YERLİ KÖMÜRE YENİ DAYANAK GELİYOR
Bakanlık stratejilerinin belirleyen ögelerin başında 2053 net sıfır karbon amacının yer aldığını belirten Demircan, “Paris İklim Mutabakatı sonrası emisyona yönelik tüm ülkeler konum almaya başladı. Zira emisyonların yüzde 70’i güç kaynaklı. Bizler de Cumhurbaşkanımızın talimatıyla bu dönüşümü sağlamak zorundayız. Bununla birlikte arz güvenliğini sağlamak ve dışa bağımlılığı azaltmak da stratejimizin öteki sac ayakları. Ülke olarak hidrokarbon açısından güçlü değiliz. Petrol-doğal gaz aramalarına sürat vermiş olsak da elde ettiğimiz sonuçlar dışa bağımlılığımızı azaltacak düzeyde değil. Sakarya’da günlük 10 milyon metreküp, Gabar’da 100 bin varile çıkarma maksadımız için çalışıyoruz. Karadeniz ve Güneydoğu’da arama çalışmalarına sürat veriyoruz. Burada değerli olan enerjiyi çeşitlendirmek, tek kaynaktan çok kaynağa çevirmek. Bu kapsamda elektrik ve doğal gaz kullanım gereksinimine yönelik boru çizgileri dışında yüzde 70’e yakın kısmını LNG olarak alınmasını sağladık. Yerli ve yenilenebilir üretimi de dahil etmek için stratejik bir yaklaşım sergiliyoruz. Yerli kömür üretiminde zorluklar yaşıyoruz. Bu hususta yakın vakitte yerli kömürün desteklenmesi için Sayın Bakanımız tarafından yeni bir dayanak açıklanacak. Şu anda 11 bin mw kurulu güce sahibiz lakin aktif kullanımımız 5 bin mw.
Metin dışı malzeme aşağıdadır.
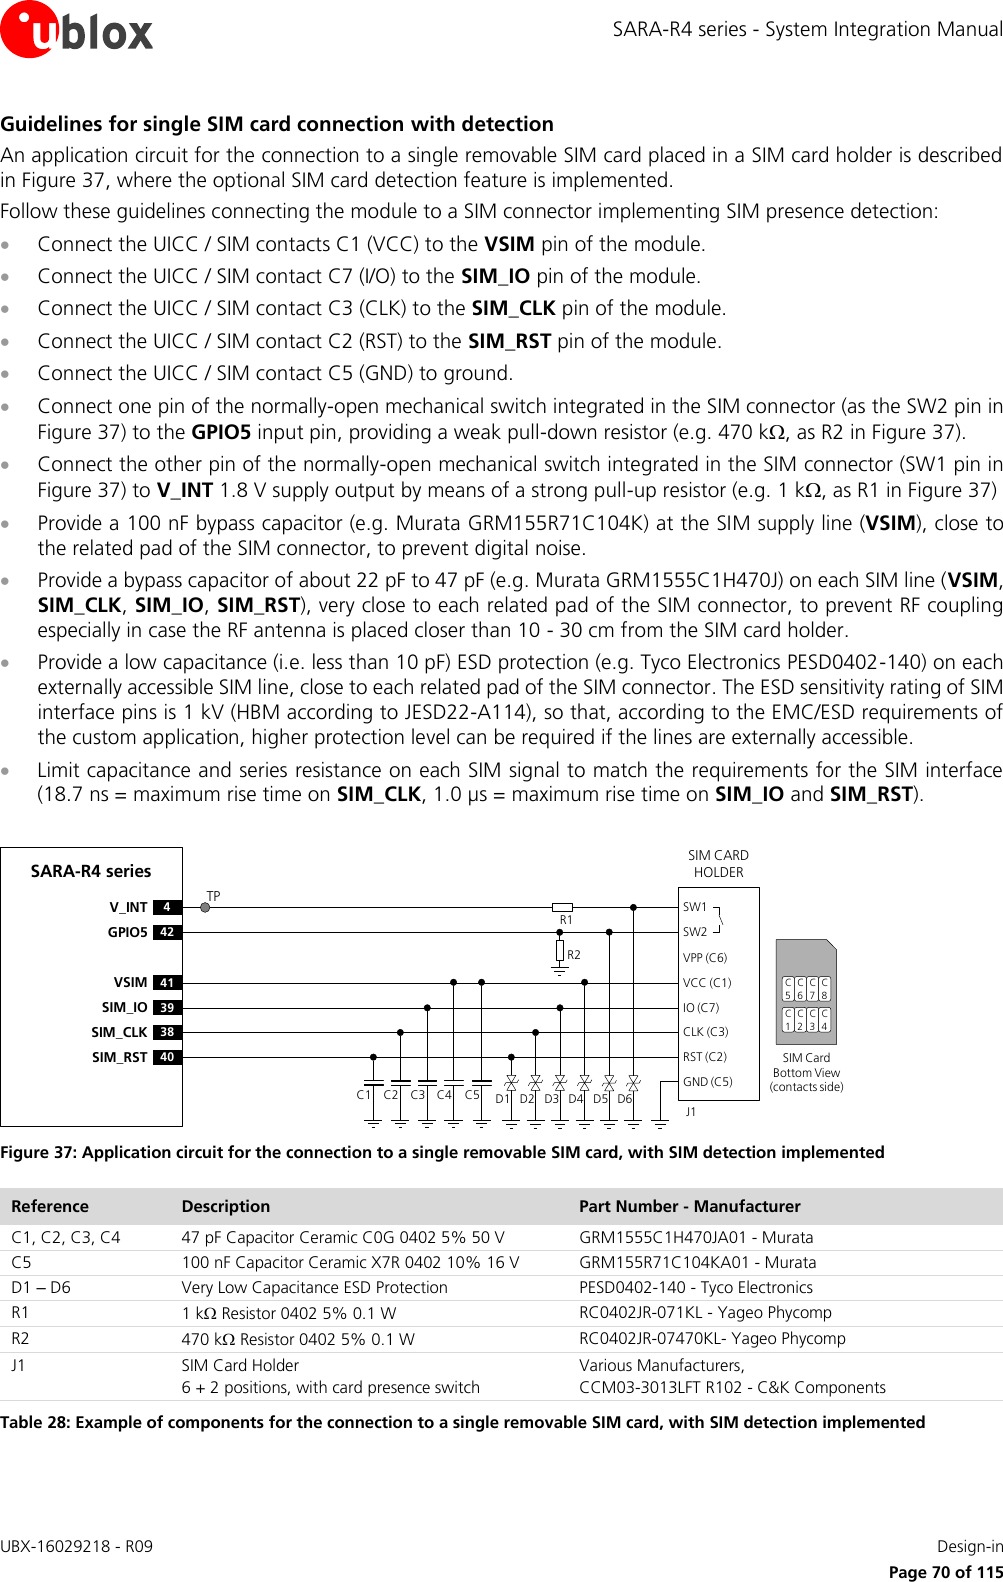 SARA-R4 series - System Integration Manual UBX-16029218 - R09    Design-in     Page 70 of 115 Guidelines for single SIM card connection with detection An application circuit for the connection to a single removable SIM card placed in a SIM card holder is described in Figure 37, where the optional SIM card detection feature is implemented. Follow these guidelines connecting the module to a SIM connector implementing SIM presence detection:  Connect the UICC / SIM contacts C1 (VCC) to the VSIM pin of the module.  Connect the UICC / SIM contact C7 (I/O) to the SIM_IO pin of the module.  Connect the UICC / SIM contact C3 (CLK) to the SIM_CLK pin of the module.  Connect the UICC / SIM contact C2 (RST) to the SIM_RST pin of the module.  Connect the UICC / SIM contact C5 (GND) to ground.  Connect one pin of the normally-open mechanical switch integrated in the SIM connector (as the SW2 pin in Figure 37) to the GPIO5 input pin, providing a weak pull-down resistor (e.g. 470 k, as R2 in Figure 37).  Connect the other pin of the normally-open mechanical switch integrated in the SIM connector (SW1 pin in Figure 37) to V_INT 1.8 V supply output by means of a strong pull-up resistor (e.g. 1 k, as R1 in Figure 37)  Provide a 100 nF bypass capacitor (e.g. Murata GRM155R71C104K) at the SIM supply line (VSIM), close to the related pad of the SIM connector, to prevent digital noise.   Provide a bypass capacitor of about 22 pF to 47 pF (e.g. Murata GRM1555C1H470J) on each SIM line (VSIM, SIM_CLK, SIM_IO, SIM_RST), very close to each related pad of the SIM connector, to prevent RF coupling especially in case the RF antenna is placed closer than 10 - 30 cm from the SIM card holder.  Provide a low capacitance (i.e. less than 10 pF) ESD protection (e.g. Tyco Electronics PESD0402-140) on each externally accessible SIM line, close to each related pad of the SIM connector. The ESD sensitivity rating of SIM interface pins is 1 kV (HBM according to JESD22-A114), so that, according to the EMC/ESD requirements of the custom application, higher protection level can be required if the lines are externally accessible.   Limit capacitance and series resistance on each SIM signal to match the requirements for the SIM interface (18.7 ns = maximum rise time on SIM_CLK, 1.0 µs = maximum rise time on SIM_IO and SIM_RST).  SARA-R4 series41VSIM39SIM_IO38SIM_CLK40SIM_RST4V_INT42GPIO5SIM CARD HOLDERC5C6C7C1C2C3SIM Card Bottom View (contacts side)C1VPP (C6)VCC (C1)IO (C7)CLK (C3)RST (C2)GND (C5)C2 C3 C5J1C4SW1SW2D1 D2 D3 D4 D5 D6R2R1C8C4TP Figure 37: Application circuit for the connection to a single removable SIM card, with SIM detection implemented Reference Description Part Number - Manufacturer C1, C2, C3, C4 47 pF Capacitor Ceramic C0G 0402 5% 50 V GRM1555C1H470JA01 - Murata C5 100 nF Capacitor Ceramic X7R 0402 10% 16 V GRM155R71C104KA01 - Murata D1 – D6 Very Low Capacitance ESD Protection PESD0402-140 - Tyco Electronics  R1 1 k Resistor 0402 5% 0.1 W RC0402JR-071KL - Yageo Phycomp R2 470 k Resistor 0402 5% 0.1 W RC0402JR-07470KL- Yageo Phycomp J1 SIM Card Holder 6 + 2 positions, with card presence switch Various Manufacturers, CCM03-3013LFT R102 - C&amp;K Components Table 28: Example of components for the connection to a single removable SIM card, with SIM detection implemented

Halihazırda kurulu gücümüzü kömürün maliyetinden kaynaklı olarak kullanamıyoruz. Bu atıl gücü karşılamak için termik santral yapmaya kalksanız 4 milyar dolar harcamanız gerekiyor. Ülkemizde yer altında 200 milyon ton kömür bulunuyor. Lakin yerli kömür yakmak yerine Kolombiya, Avustralya üzere uzak ülkelerden kömür getirip elektrik üretmeye çalışıyoruz. Yenilenebilir enerjiyi artırmak zorundayız. Güç kaynaklarını artırıp ithalatı düşürmemiz lazım.” dedi.
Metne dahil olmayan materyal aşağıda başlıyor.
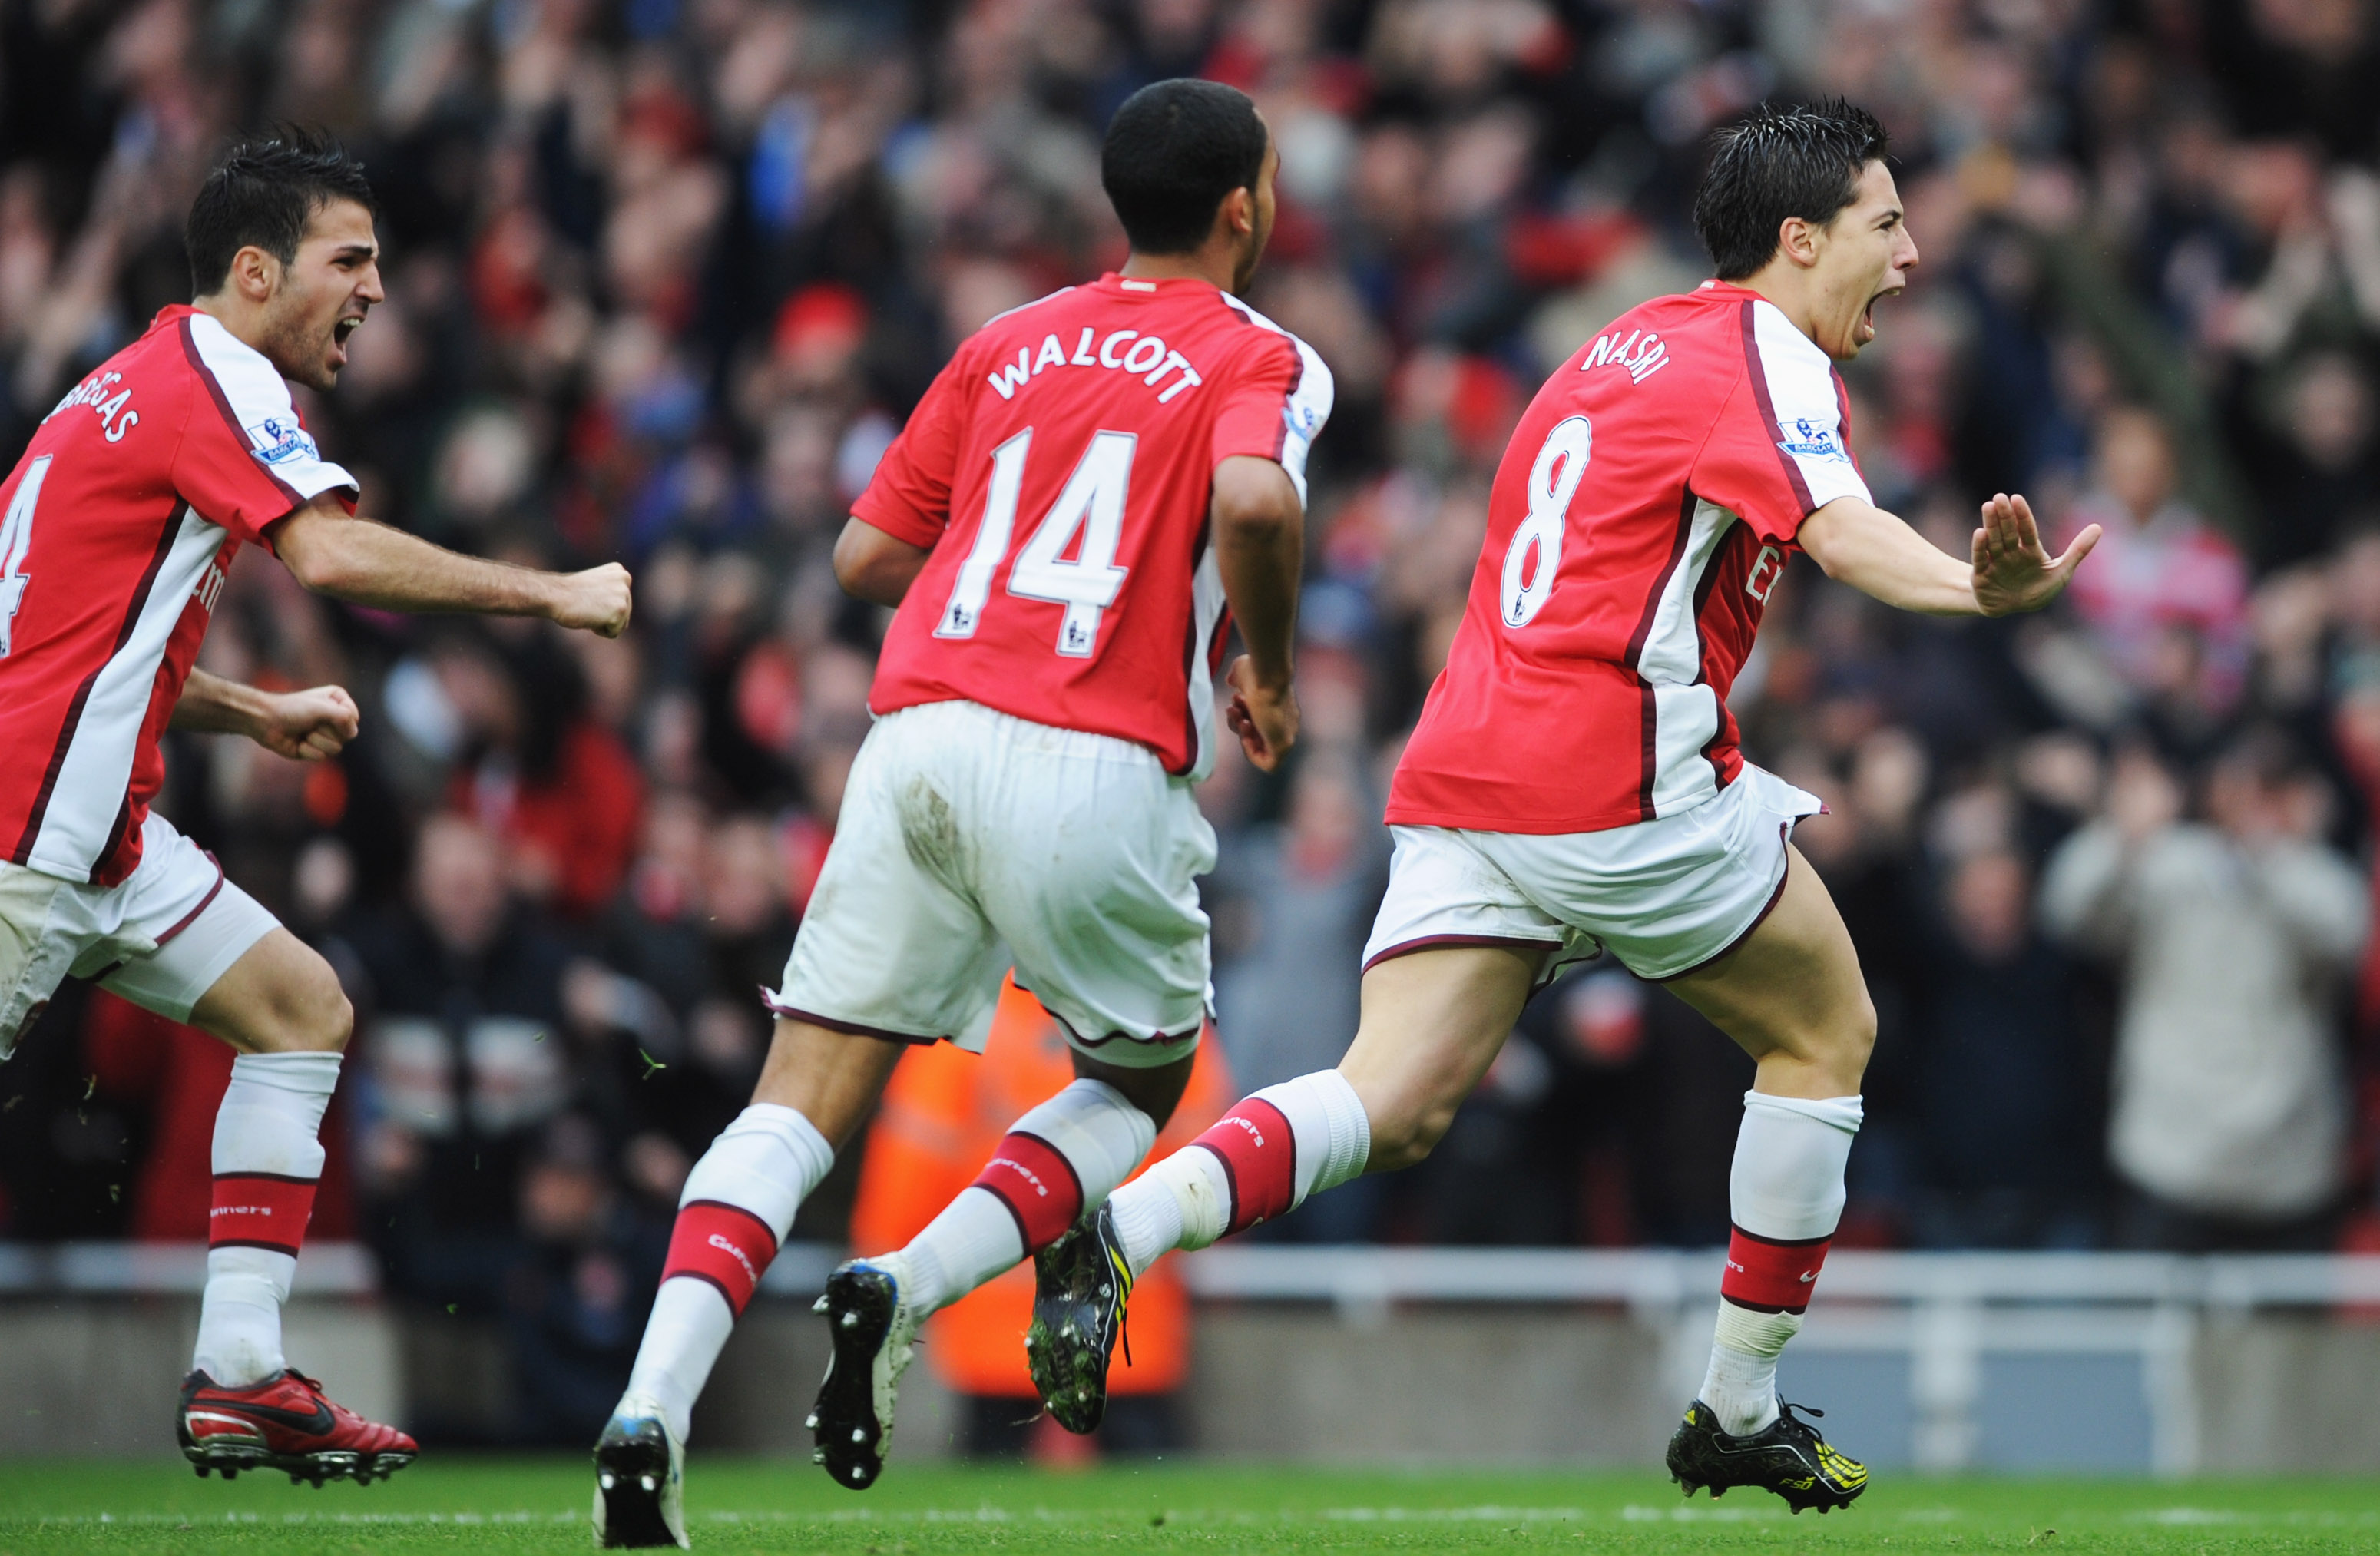 LONDON - NOVEMBER 08:  Samir Nasri of Arsenal (R) celebrates with Theo Walcott and Francesc Fabregas as he scores their second goal during the Barclays Premier League match between Arsenal and Manchester United at the Emirates Stadium on November 8, 2008

NÜKLEER GÜÇ KAYNAK ÇEŞİTLENDİRMEDE ÖNEMLİ
Enerjide güçlü ve çağdaş altyapının kıymetine değinen Bakan Yardımcısı Demircan, kesintisiz, daima, kaliteli, uygun fiyatlı gücün tüketiciye sunulması gerektiğini vurguladı. Portföy çeşitlendirmede nükleer gücün değerli bir konu olduğunu kaydeden Demircan, Akkuyu, Sinop ve Kıyıköy’de nükleer güç projeleri için çalışmaların sürdüğünü belirtti. Demircan ayrıyeten yenilenebilir güç yatırımları konusunda Türkiye’nin son periyotta kat ettiği aralık ve gelecek gayelerine ait dataları paylaştı.
Açılış konuşmalarının akabinde aktiflik sponsorlarına plaketleri takdim edildi. Uludağ Güç Tepesi iki gün boyunca Yerli Teknoloji ve Mega Güç Yatırımları, Güç Yatırımlarında Finansal Dönüşüm: Sermaye Yapıları ve Fonlama Modelleri, Fosil Yakıtlarda Dönüşüm Stratejisi üzere 8 farklı hususta düzenlenecek paneller ve özel konuşmacılara konut sahipliği yapacak.